• [PROBLEM TO WORK ON]
Omit the pictures and reproduce the rest of the listing exactly.

***** DATASET EXCERPT *****

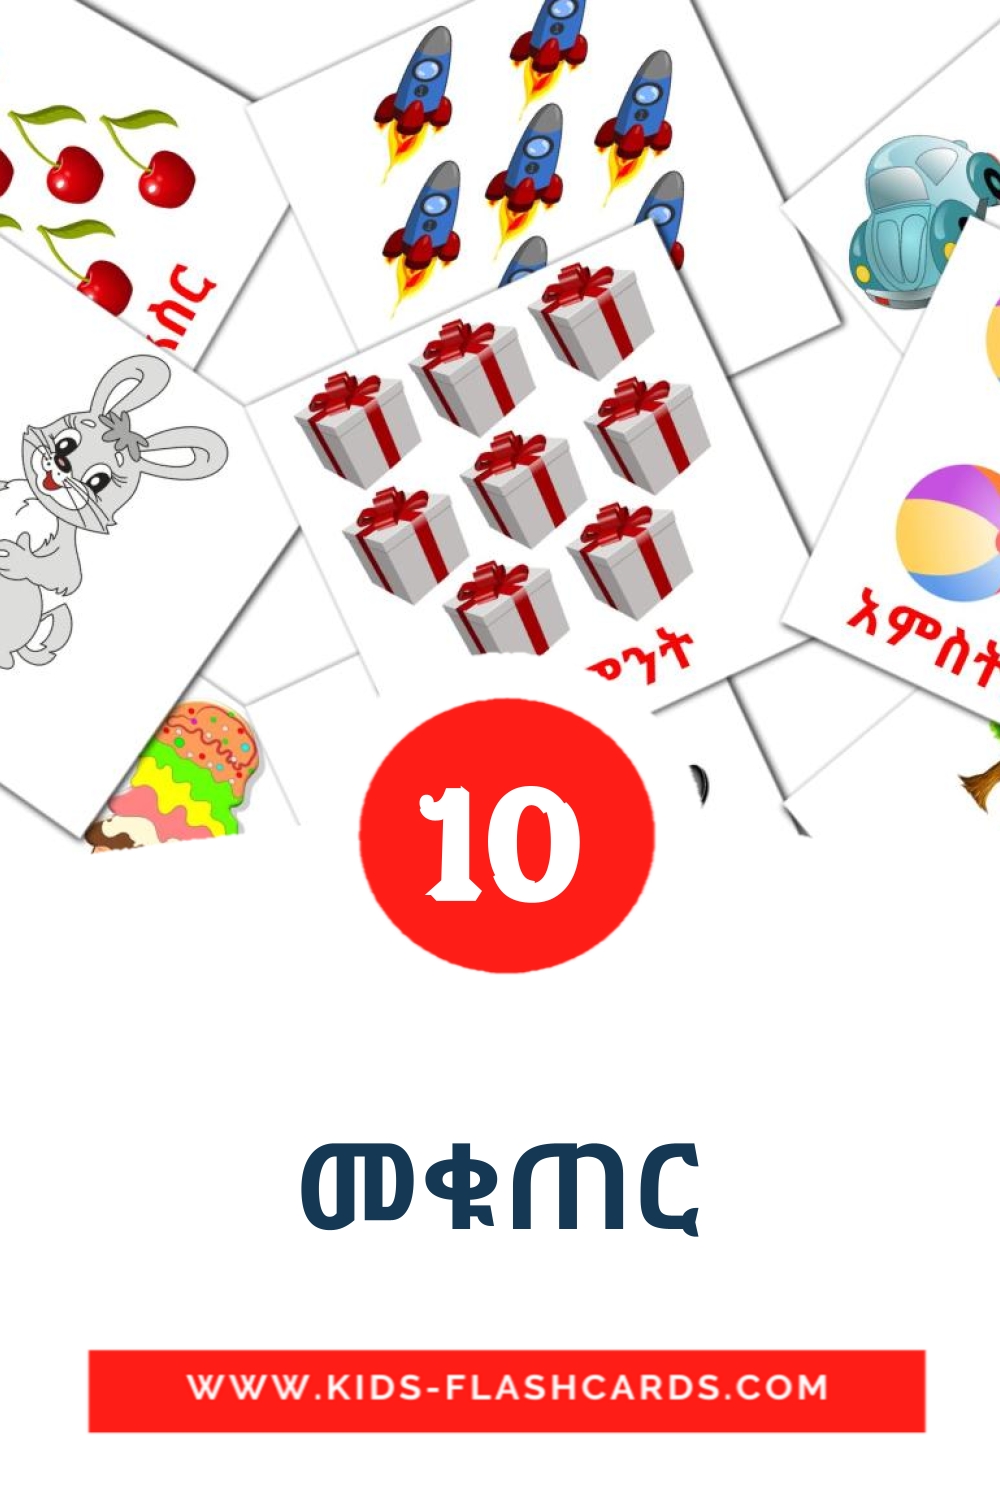 10 carte illustrate di መቁጠር per la scuola materna in amárica
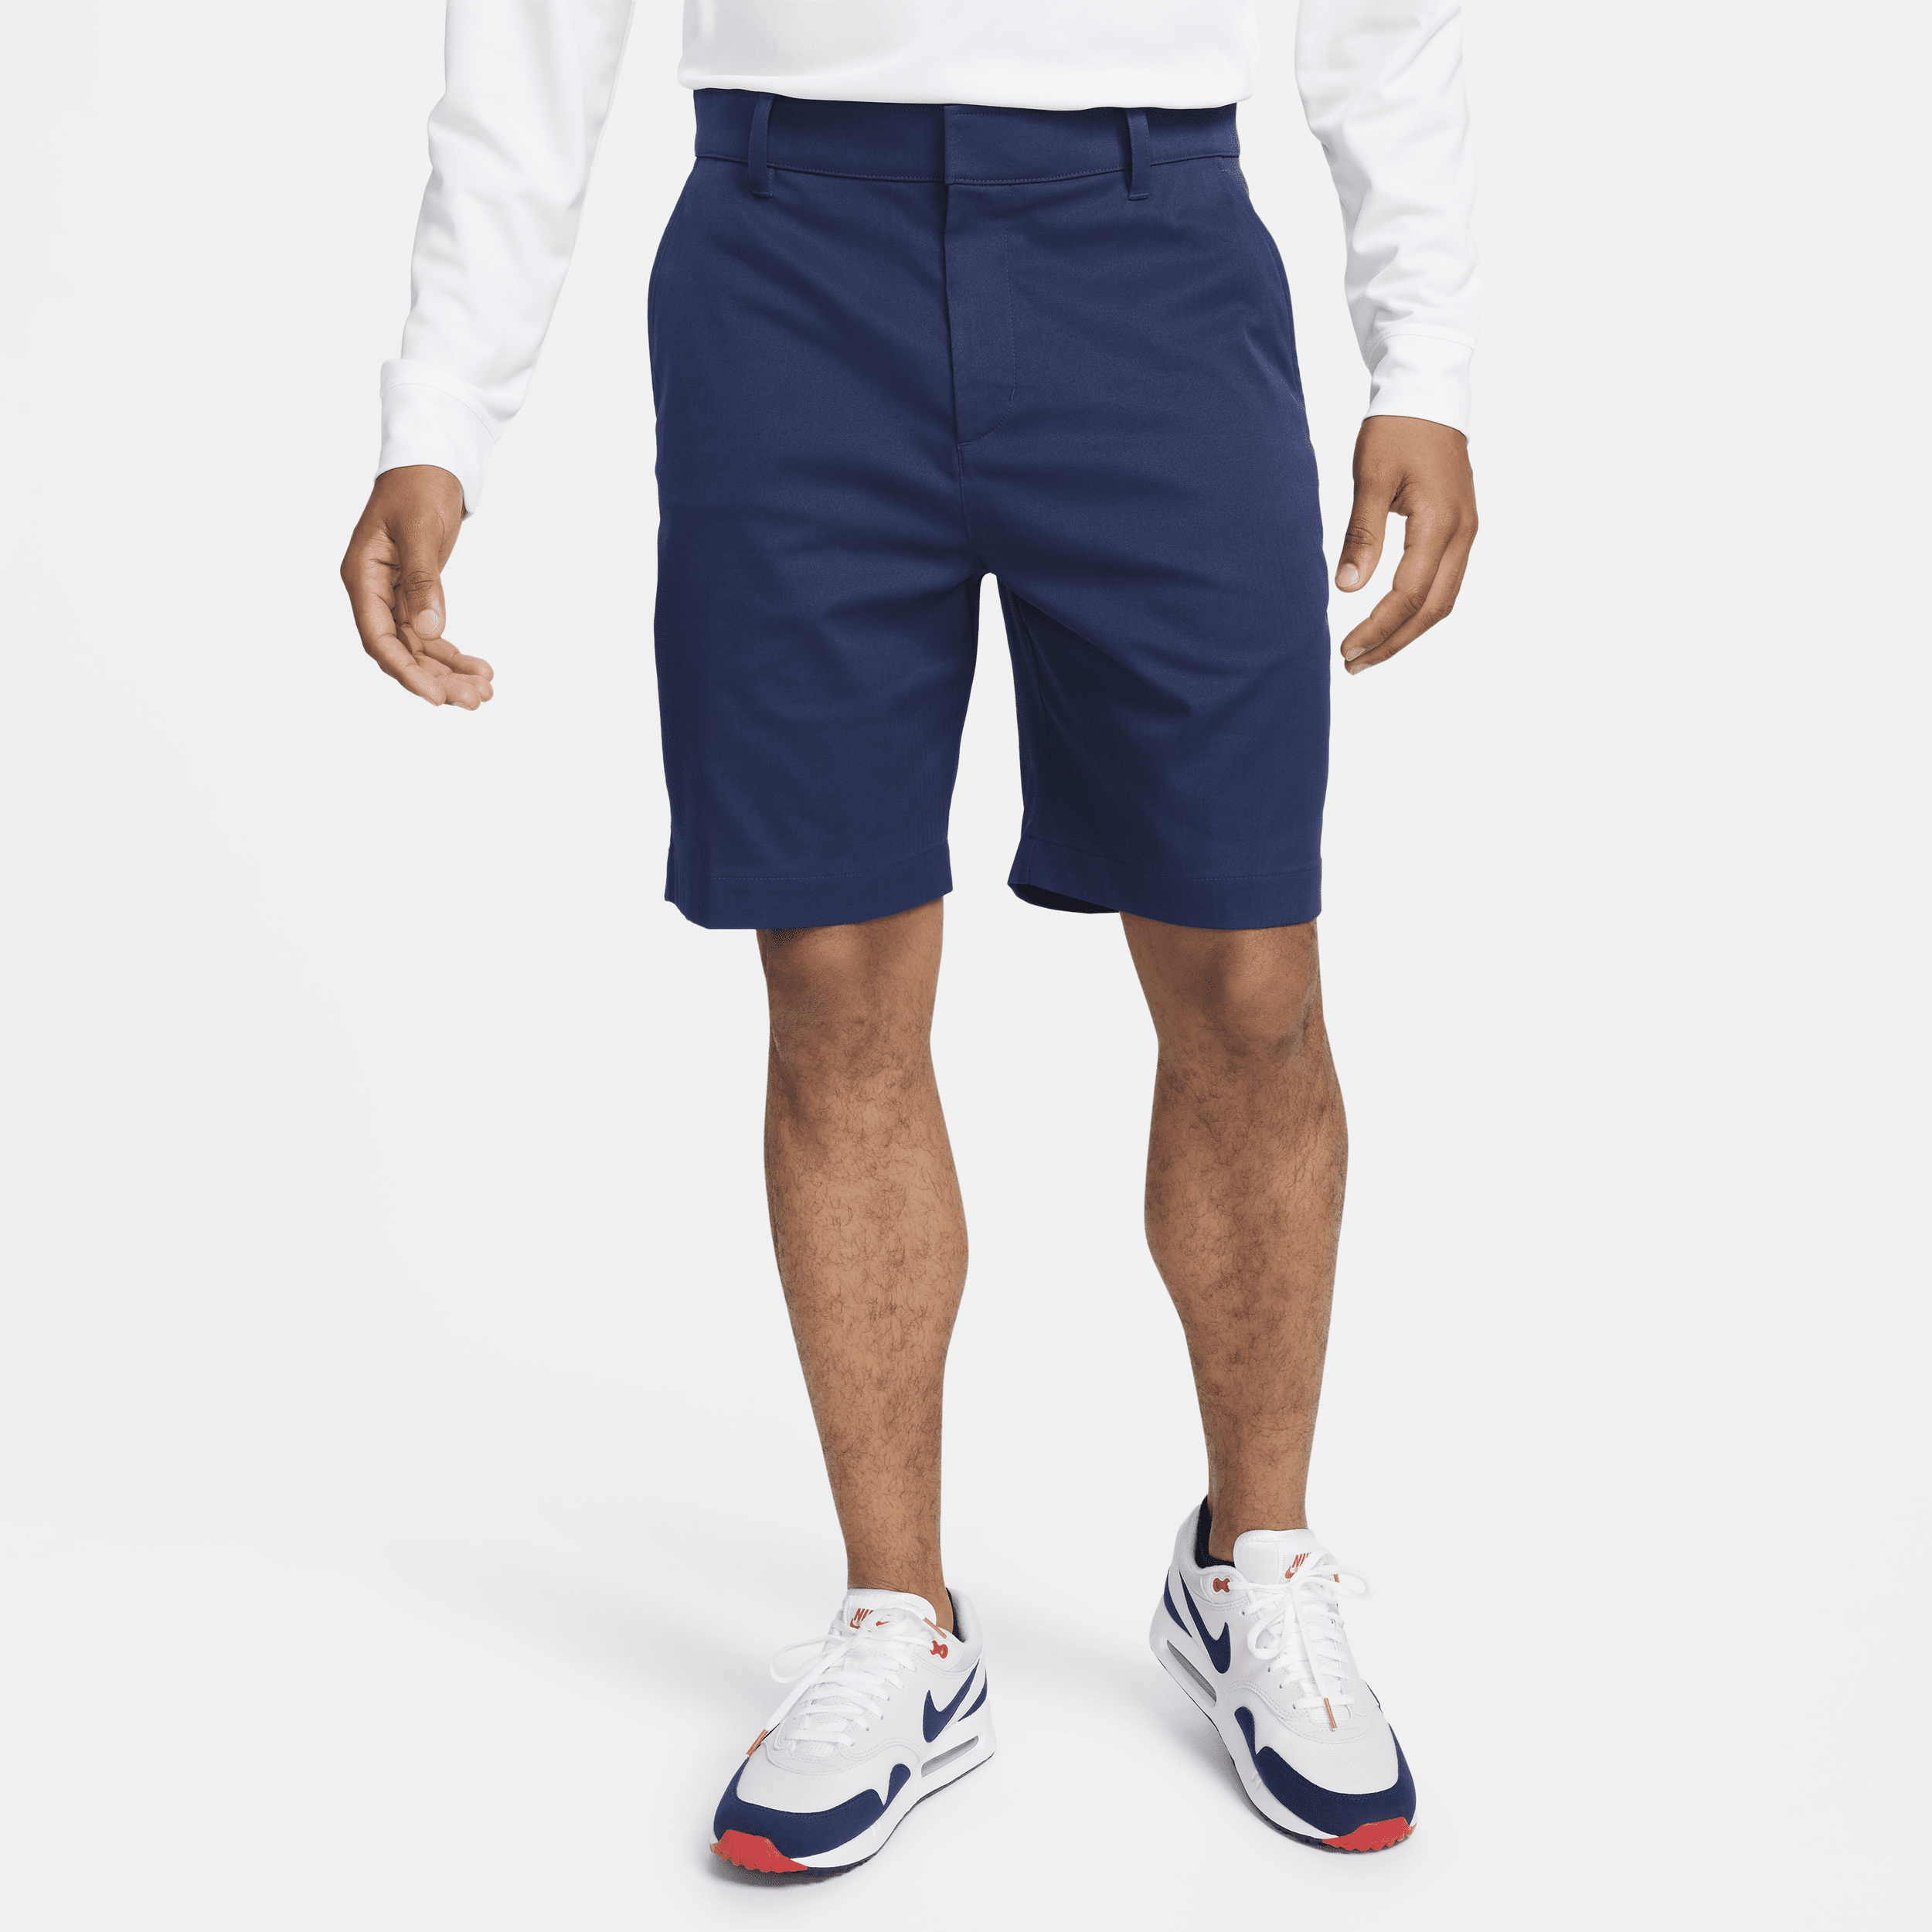 Shorts chino da golf 20 cm Nike Tour – Uomo - Blu
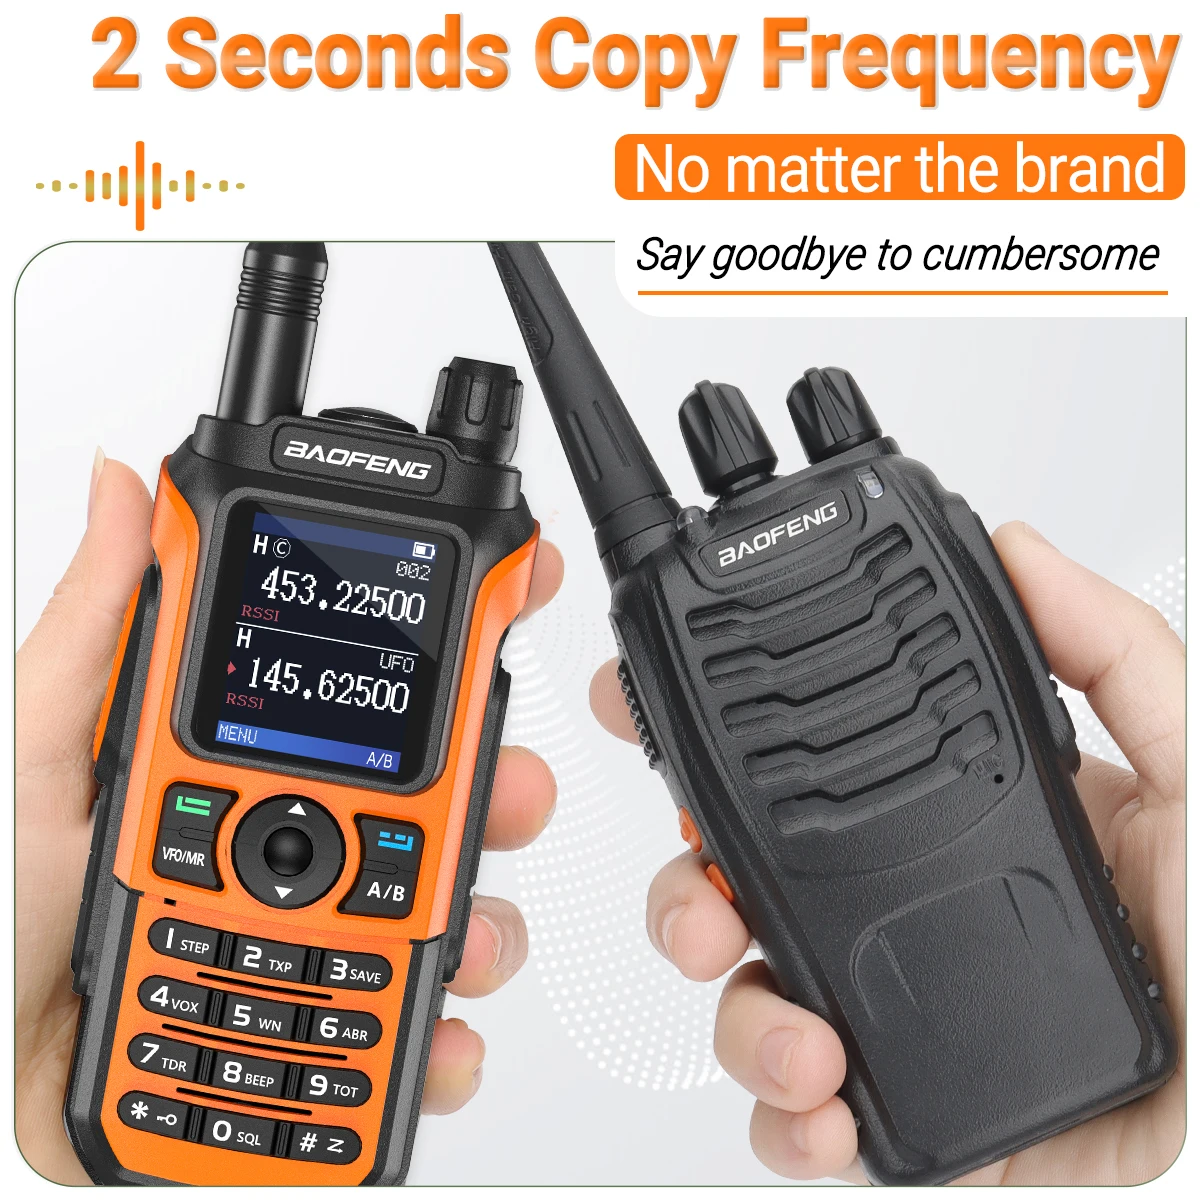 Baofeng UV-21 PRO V2 walkie talkie dlouhé rozsah bezdrátový kopie frekvence type-c nabíječka tri pás sytý vodotěsný dva způsob rádio

*****

• [RESULT]
 10 carte illustrate di መቁጠር per la scuola materna in amárica
 Shorts chino da golf 20 cm Nike Tour – Uomo - Blu
 Baofeng UV-21 PRO V2 walkie talkie dlouhé rozsah bezdrátový kopie frekvence type-c nabíječka tri pás sytý vodotěsný dva způsob rádio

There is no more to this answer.